(Beginning of DATA BELOW)
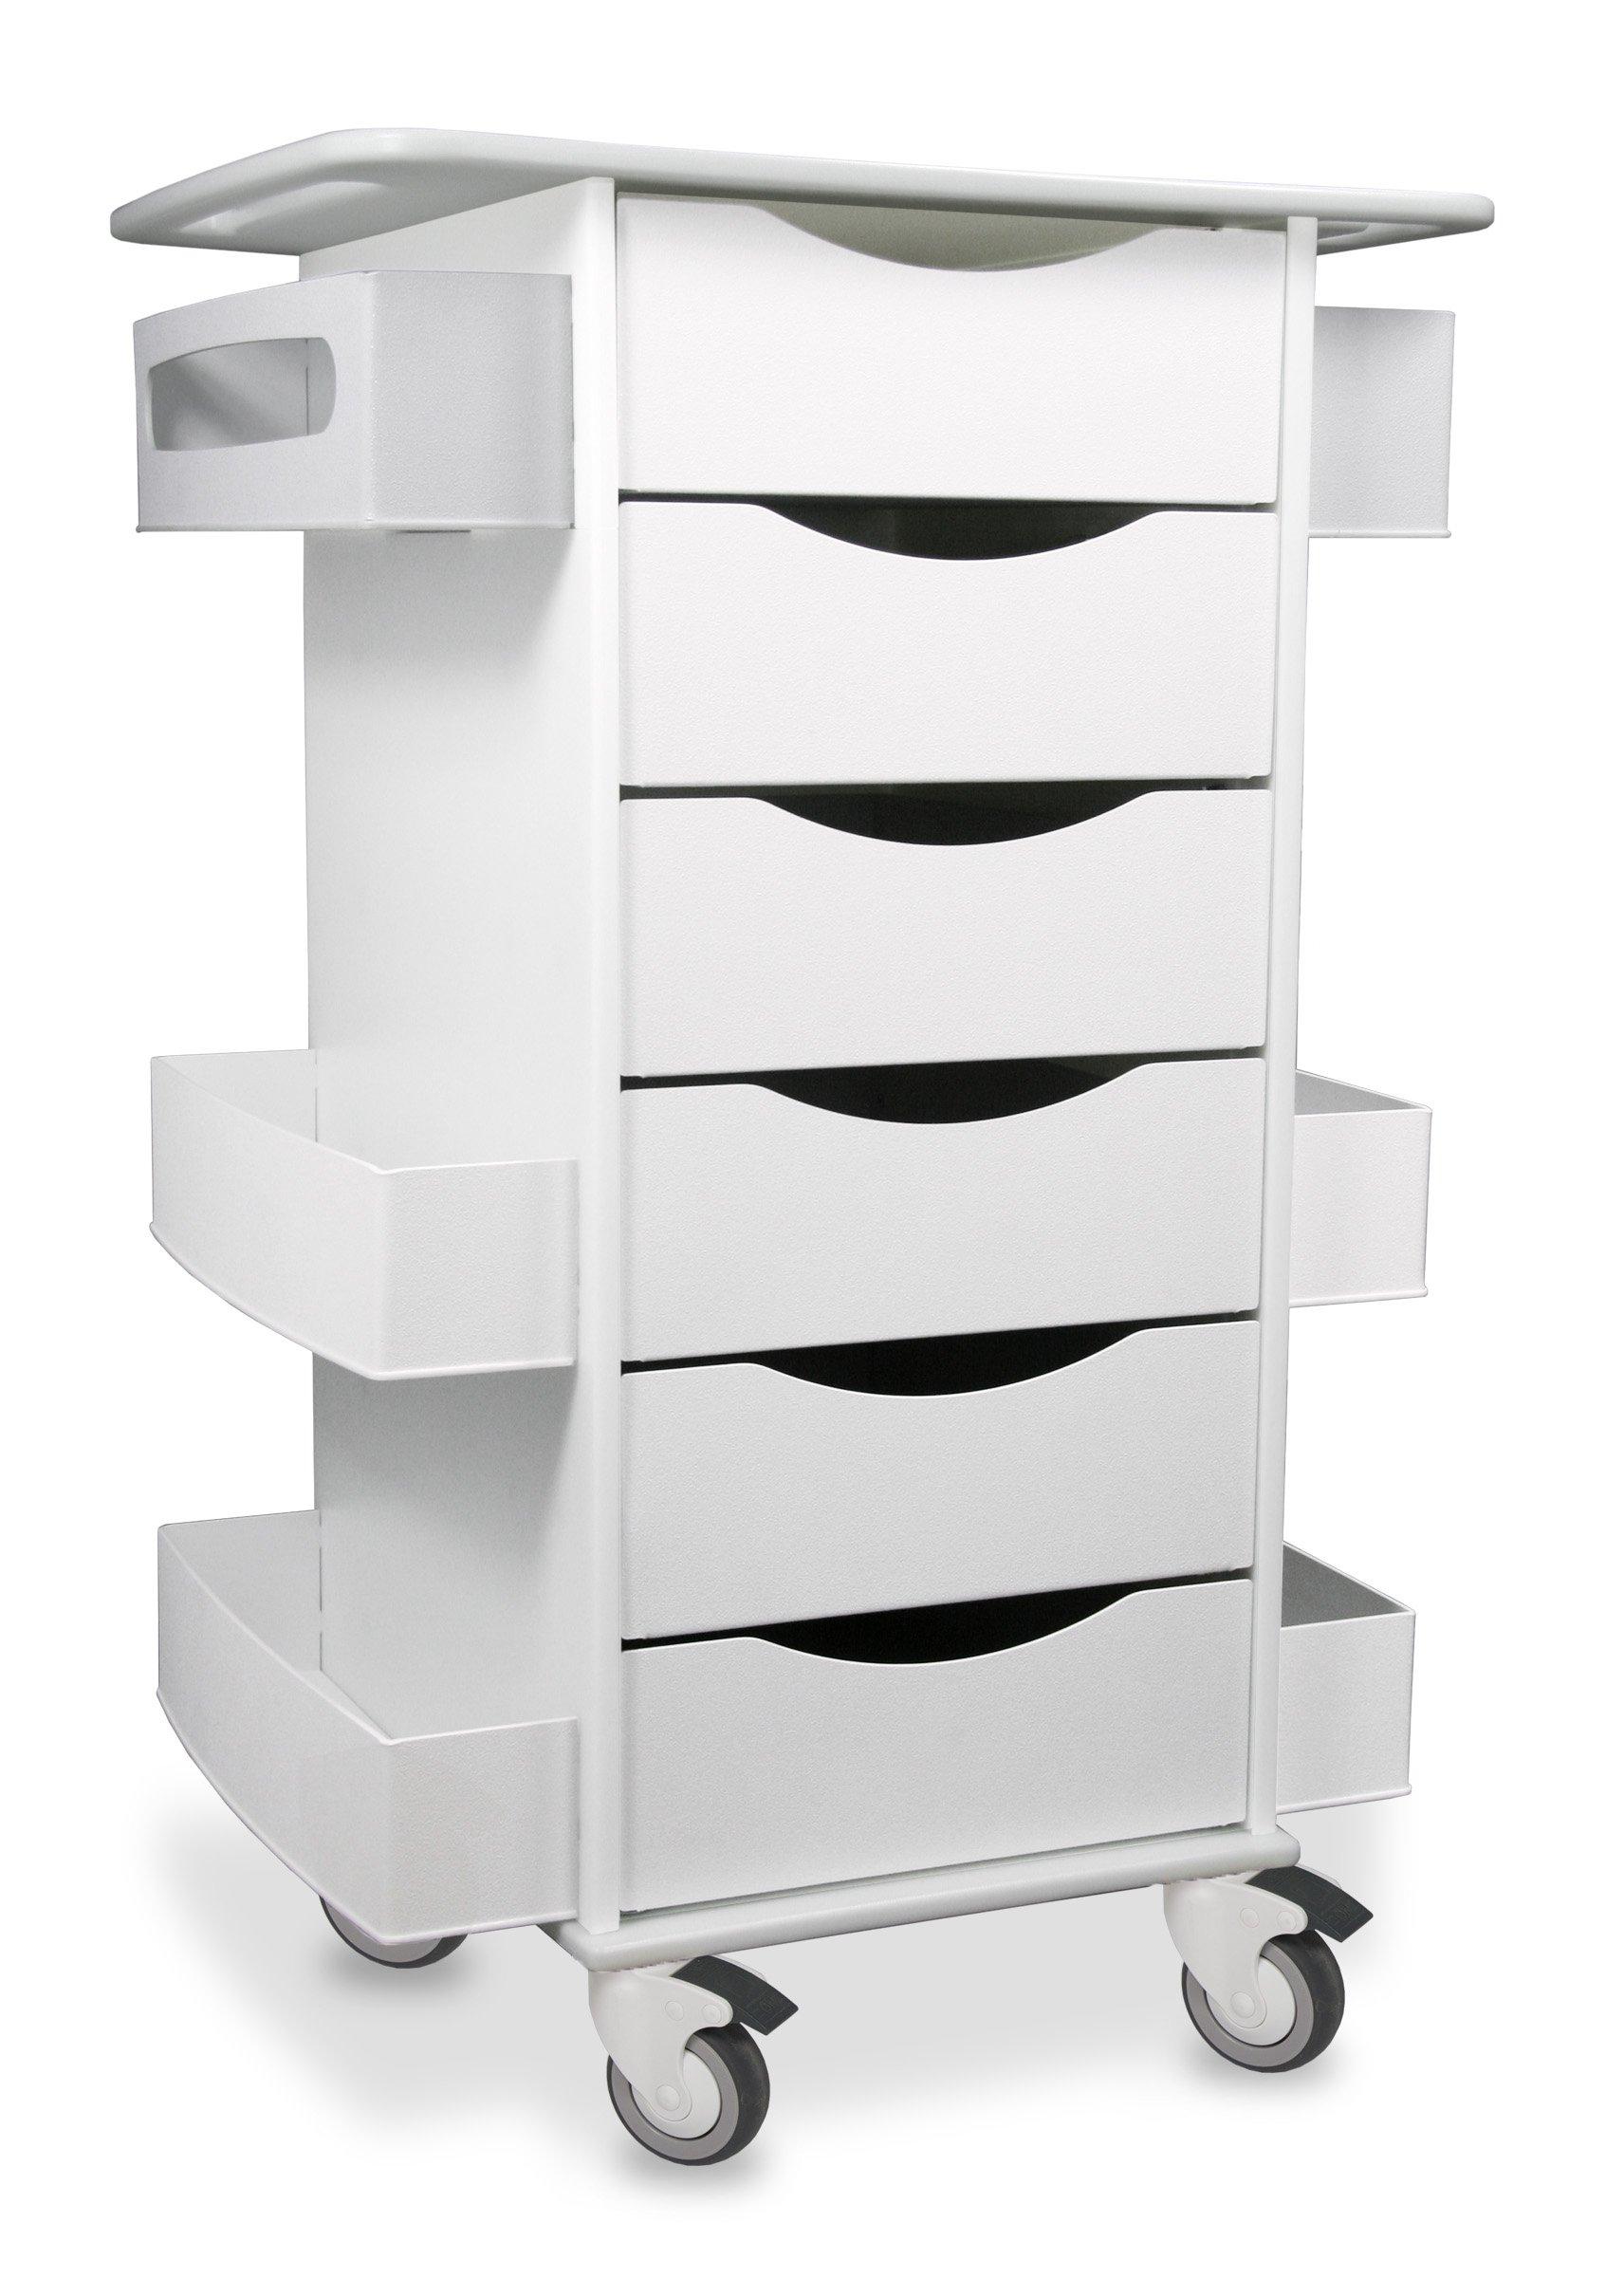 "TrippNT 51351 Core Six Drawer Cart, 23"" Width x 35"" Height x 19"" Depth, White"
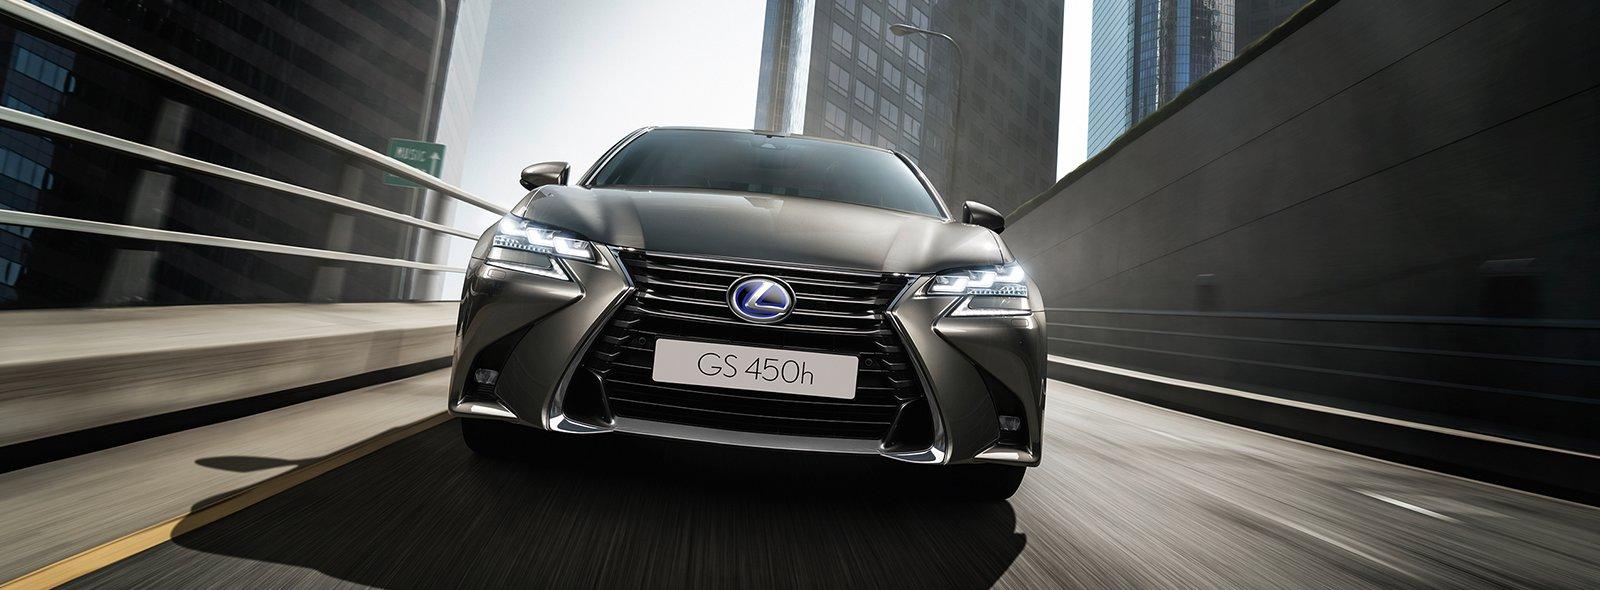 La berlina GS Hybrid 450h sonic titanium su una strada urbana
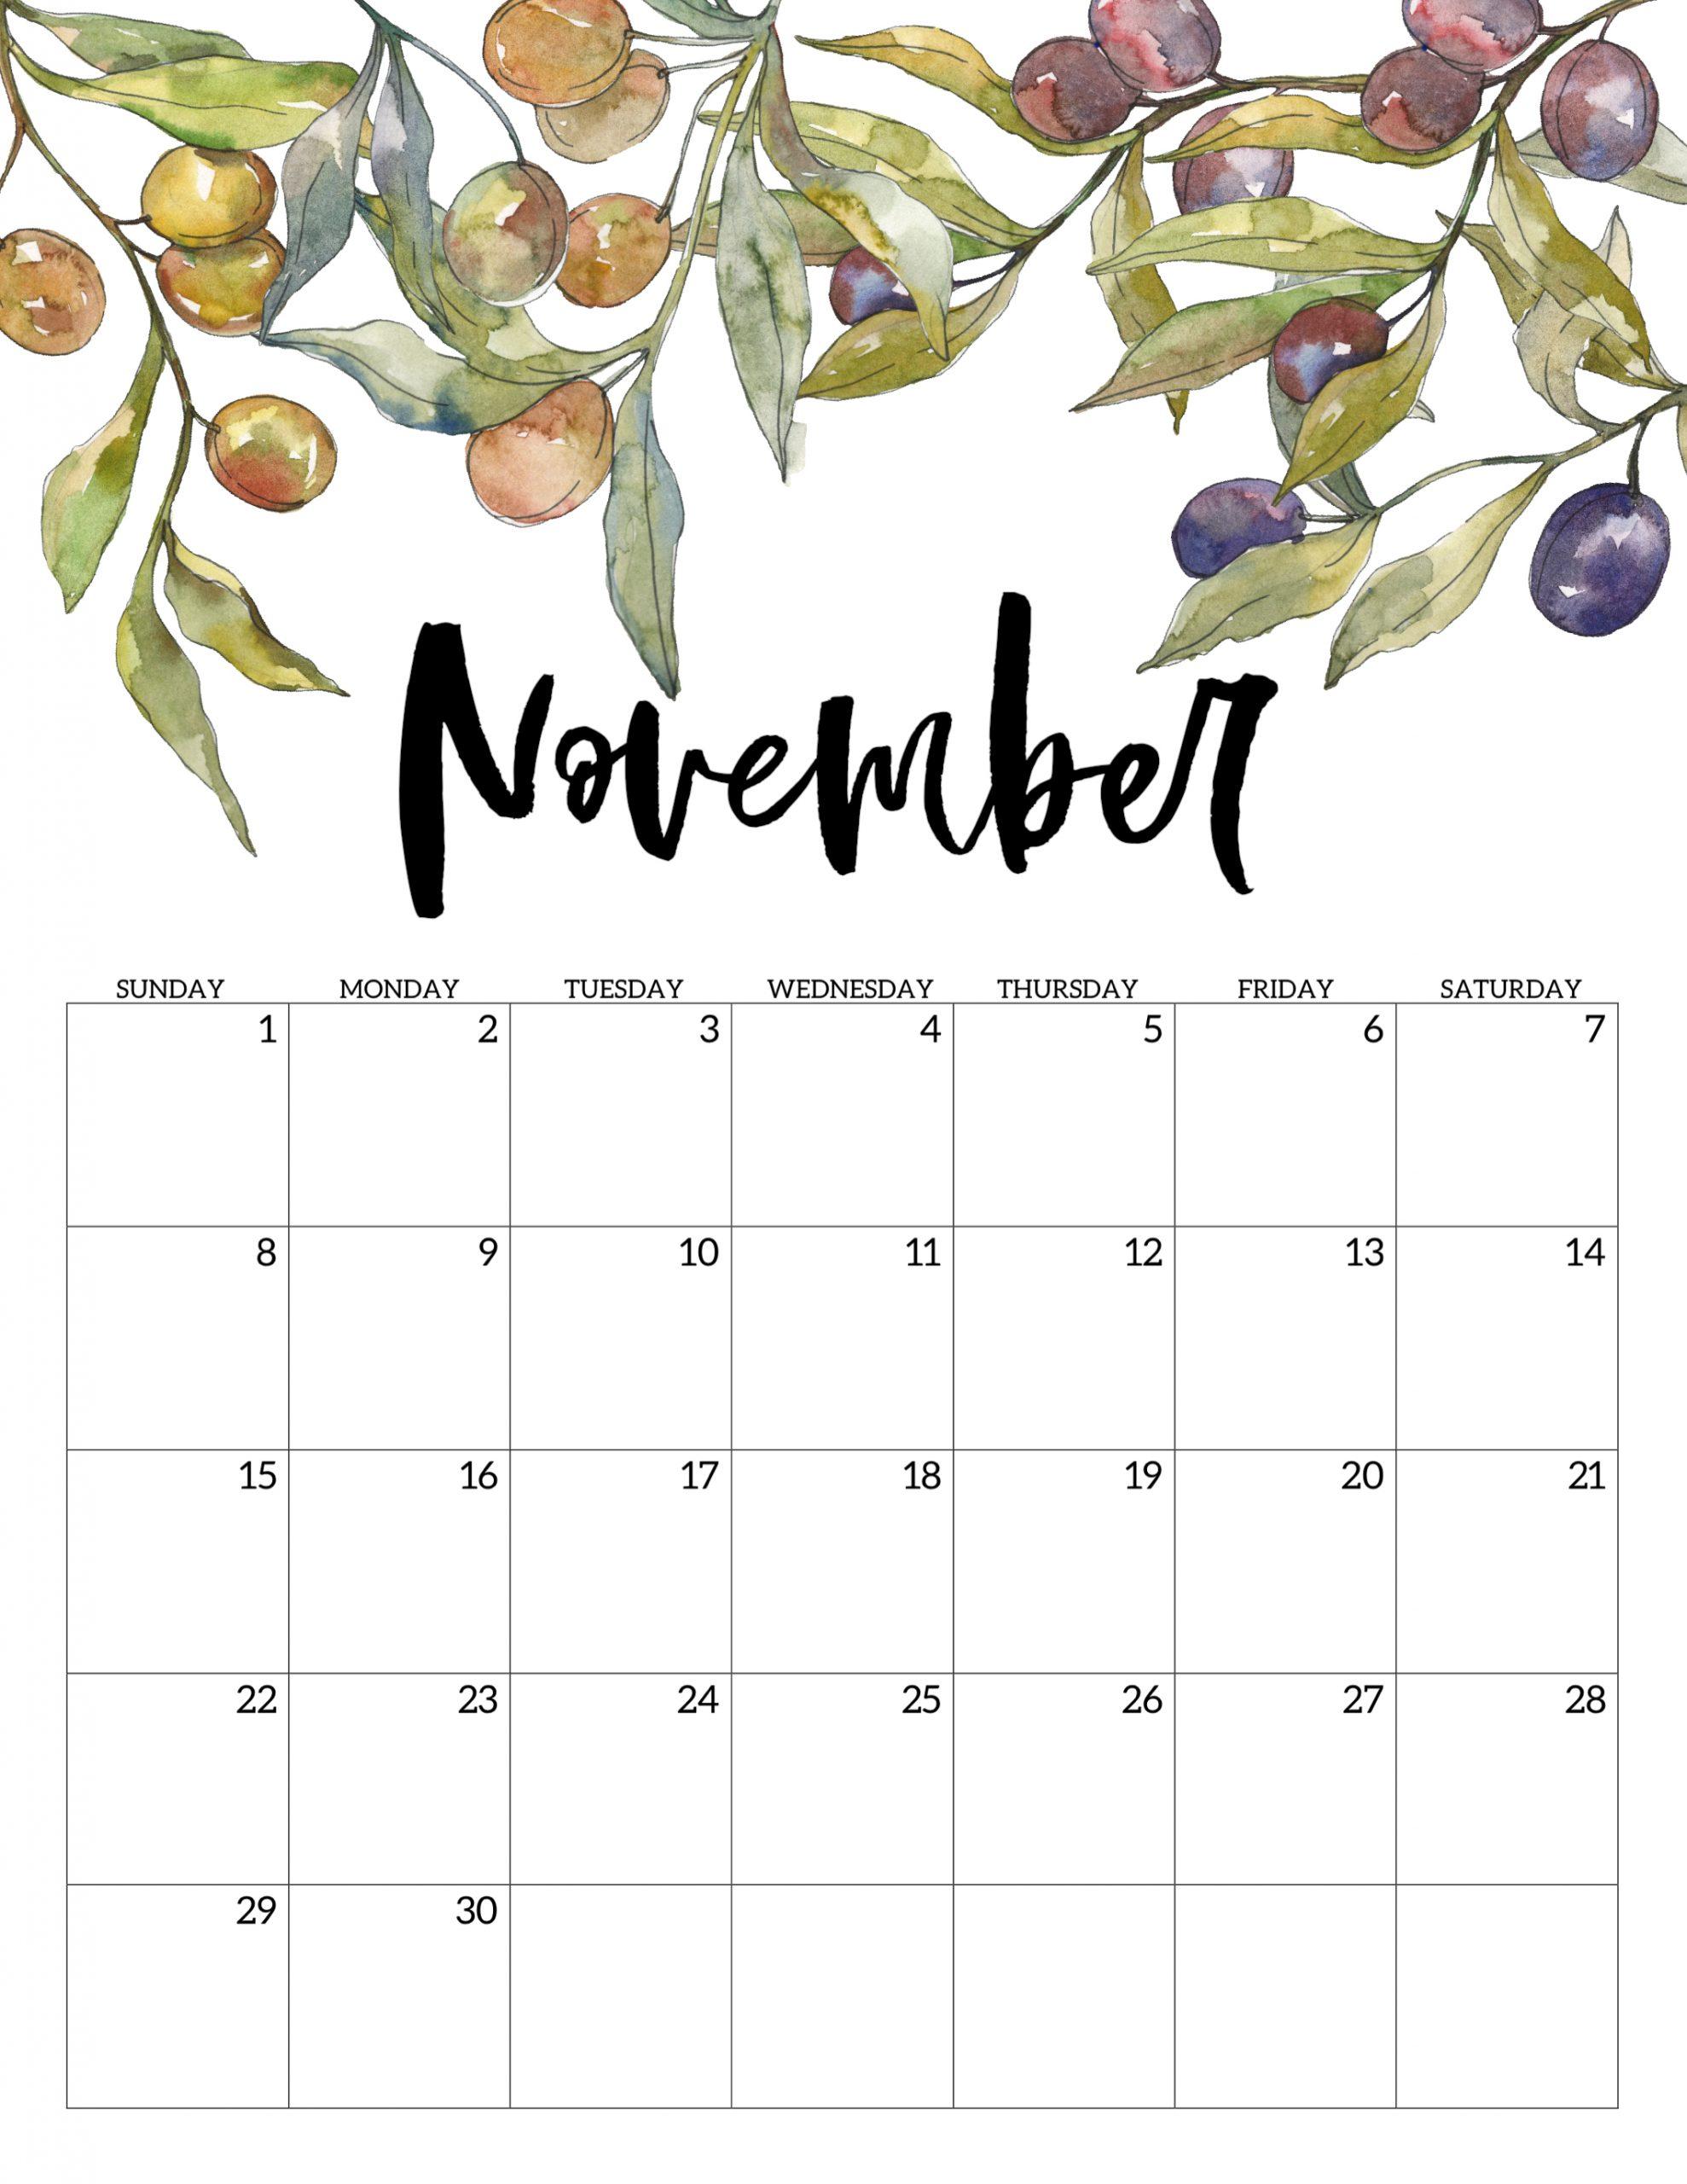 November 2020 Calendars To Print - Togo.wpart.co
(End of DATA BELOW)
Please set the data above down exactly, with the pictures removed.

 "TrippNT 51351 Core Six Drawer Cart, 23"" Width x 35"" Height x 19"" Depth, White"
 La berlina GS Hybrid 450h sonic titanium su una strada urbana
 November 2020 Calendars To Print - Togo.wpart.co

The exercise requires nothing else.